-- What to do --
Pictures aside, repeat the whole listing word for word.

::: Information given :::

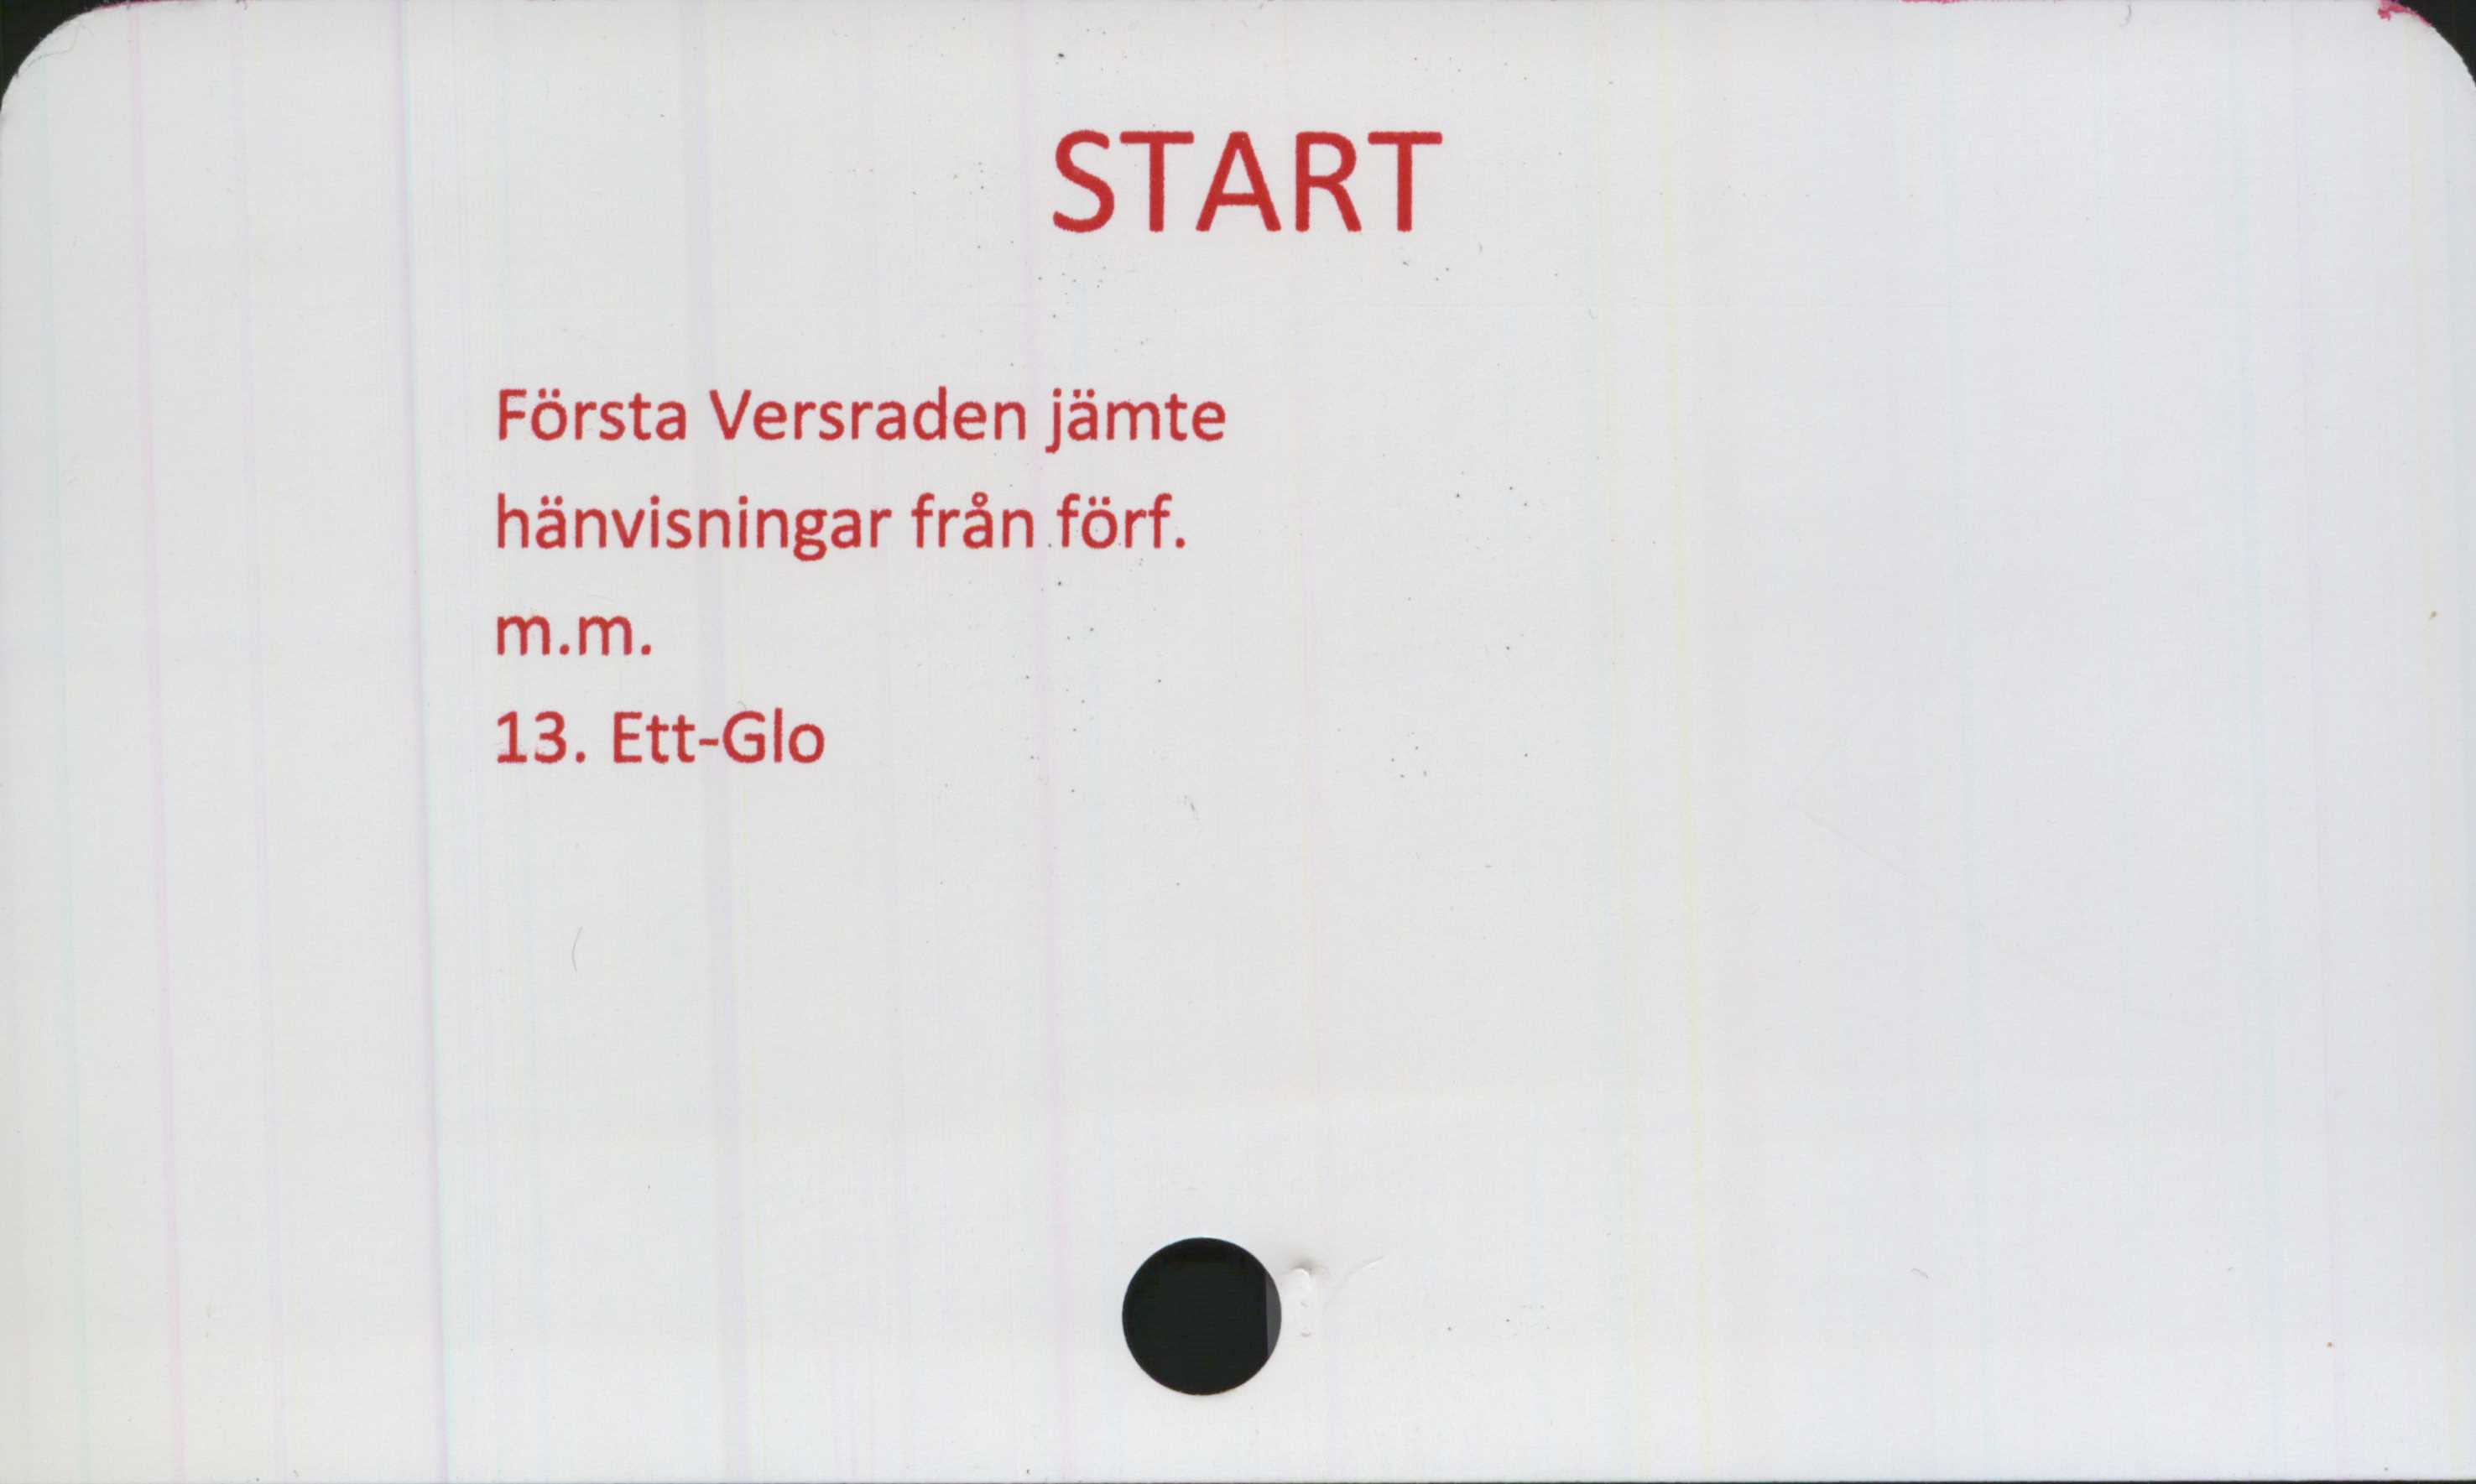  ﻿START

Första Versraden jämte
hänvisningar från förf.

m.m.

13. Ett-Glo

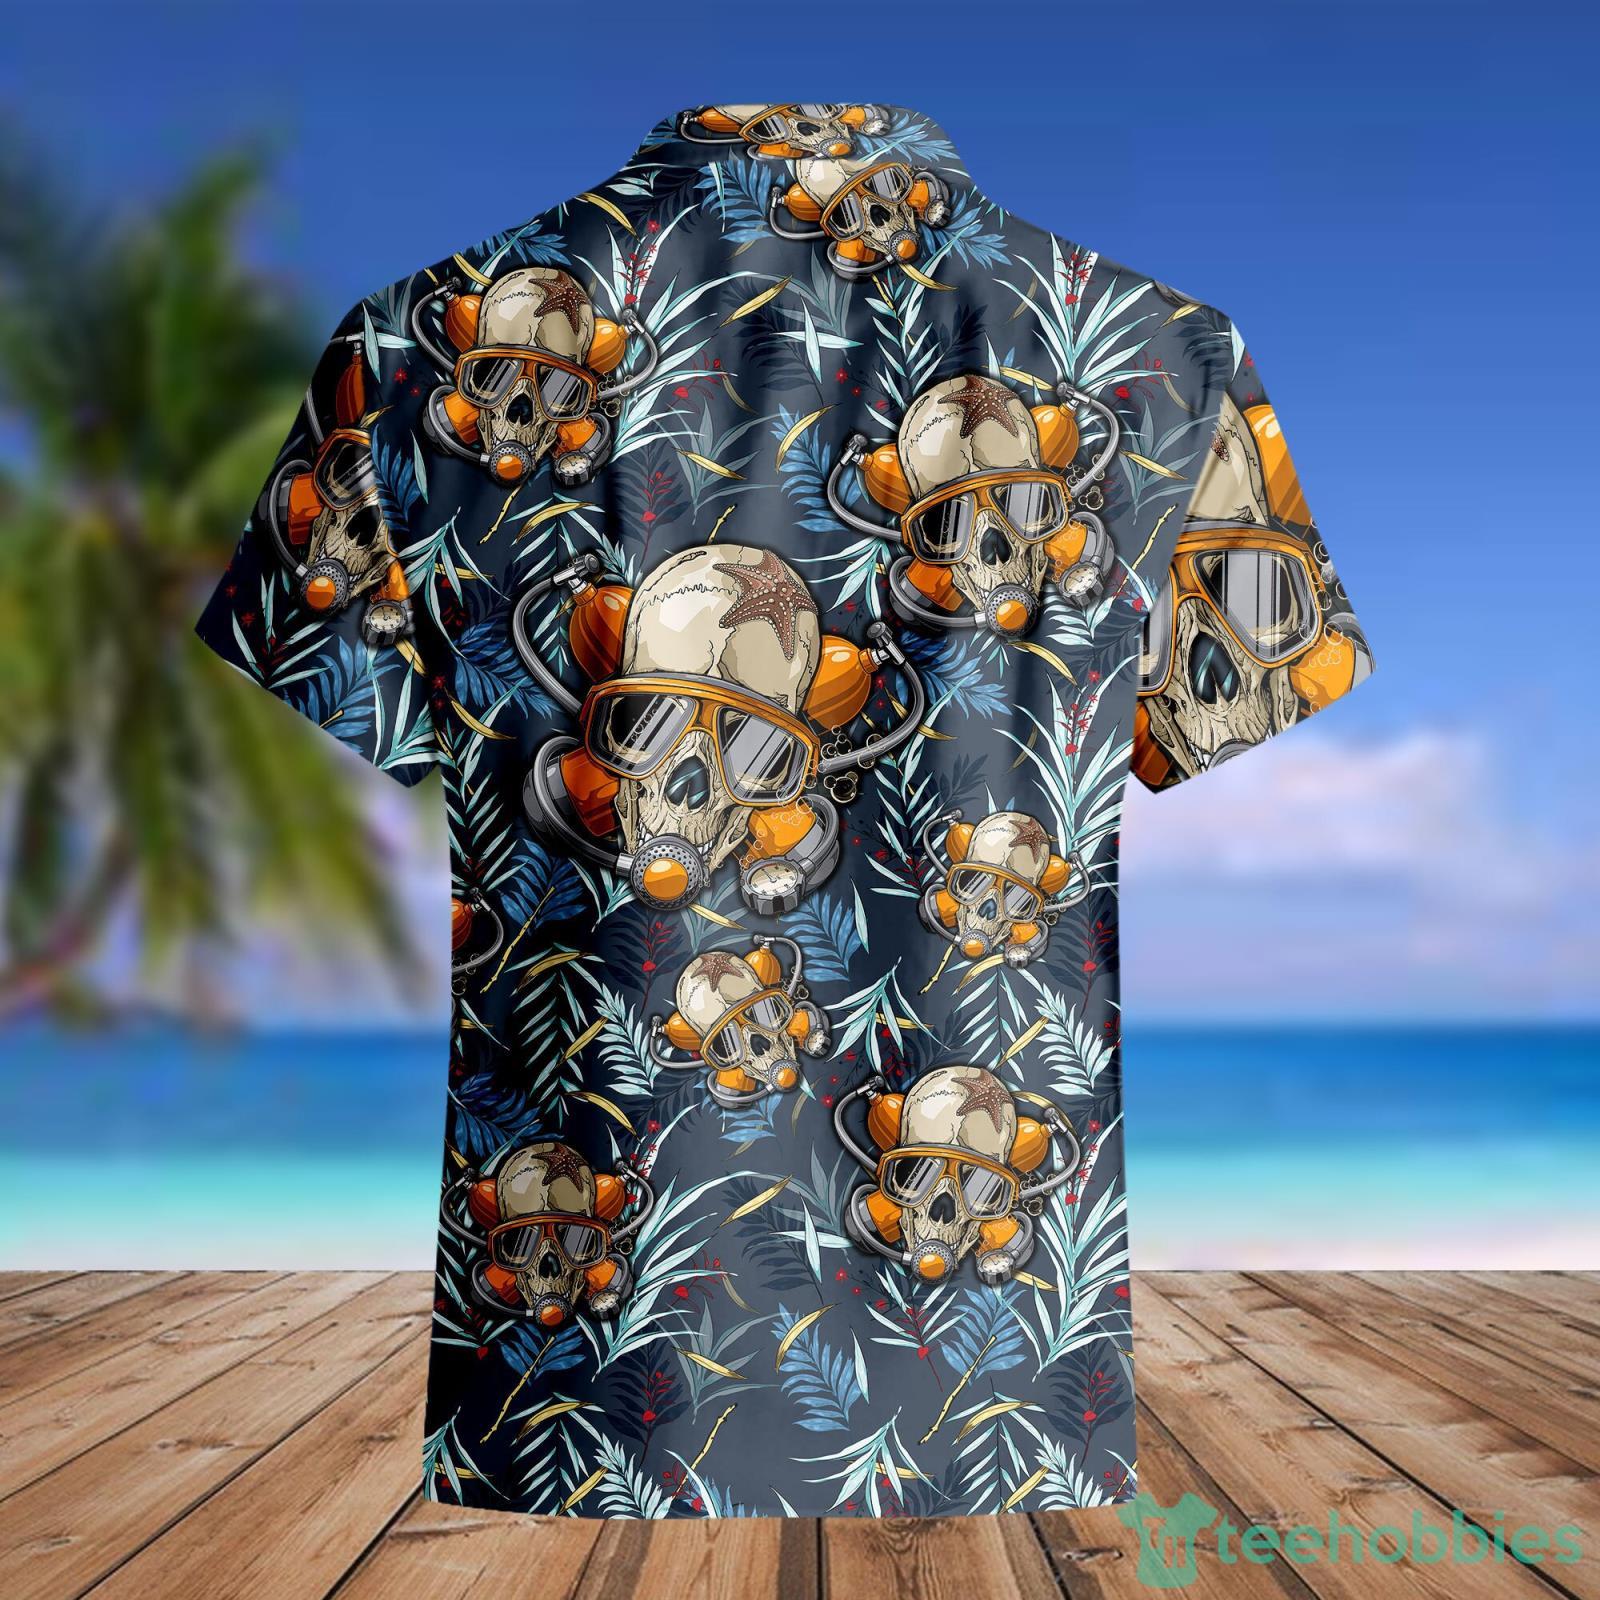 Scuba Diving Helmet Hawaii Shirt Tropical Summer For Men And Women
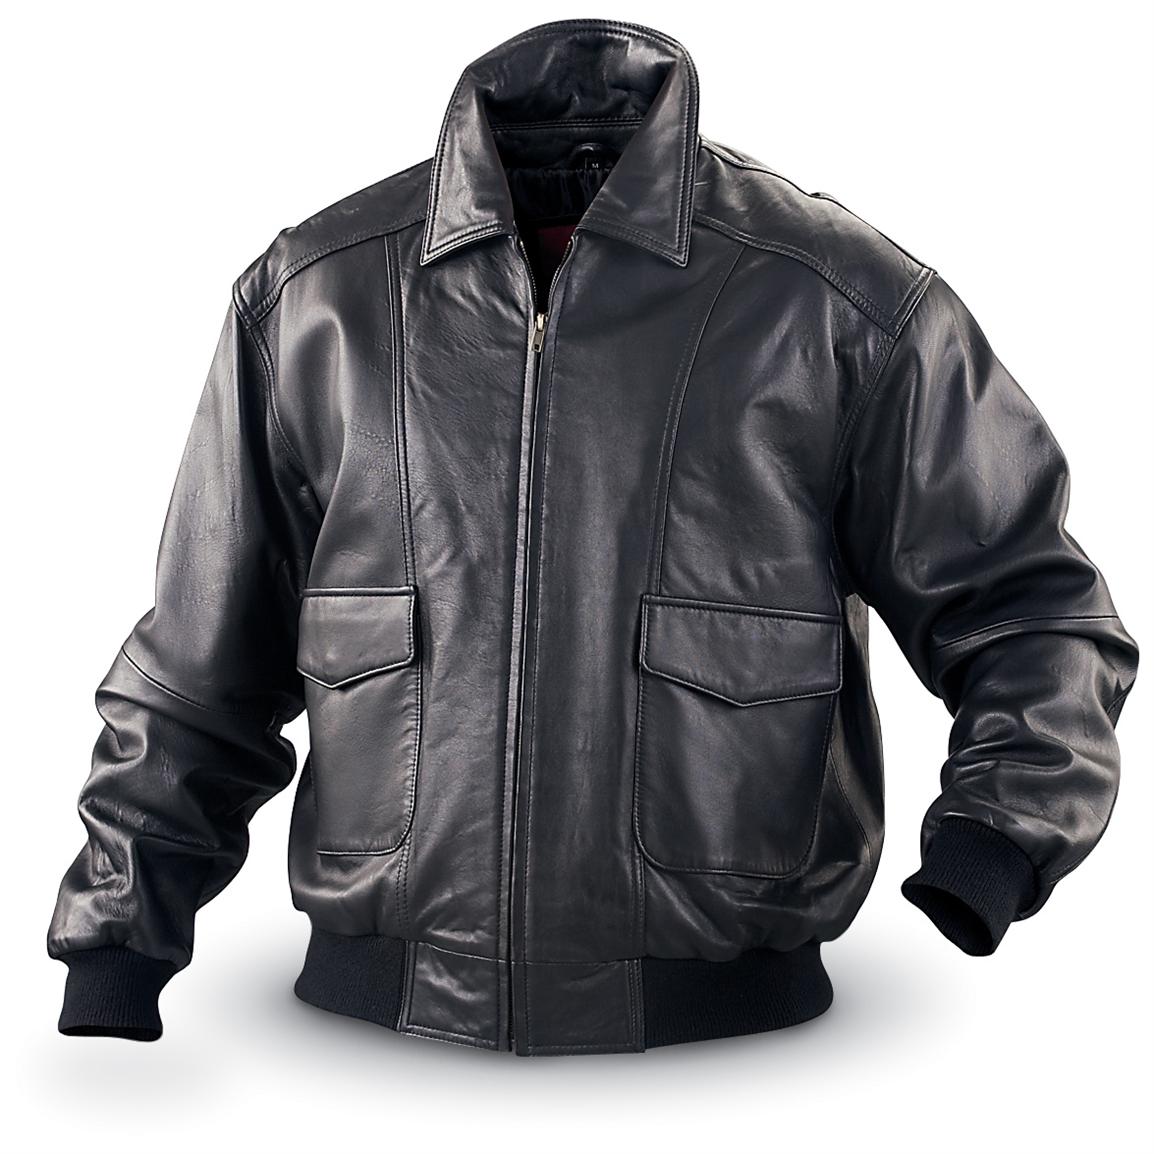 Mens Leather Vests For Sale Nz | NAR Media Kit
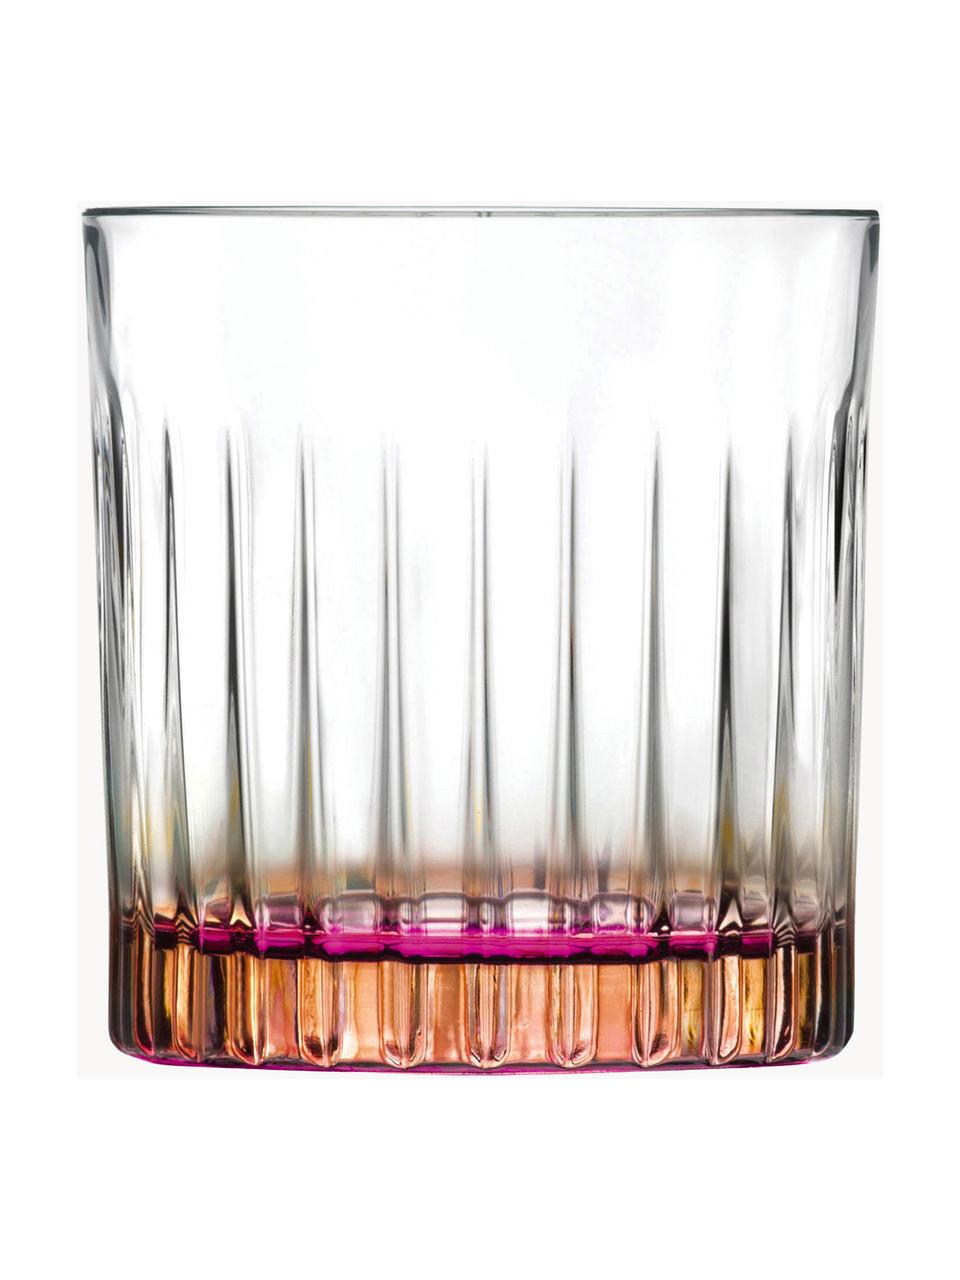 Glazen Gipsy met tweekleurig Luxion kristalglas, 6 stuks, Luxion-kristalglas, Transparant, roze, Ø 8 x H 9 cm, 360 ml

:::

-- Output for this exercise --
  ﻿START

Första Versraden jämte
hänvisningar från förf.

m.m.

13. Ett-Glo

 Scuba Diving Helmet Hawaii Shirt Tropical Summer For Men And Women
 Mens Leather Vests For Sale Nz | NAR Media Kit
 Glazen Gipsy met tweekleurig Luxion kristalglas, 6 stuks, Luxion-kristalglas, Transparant, roze, Ø 8 x H 9 cm, 360 ml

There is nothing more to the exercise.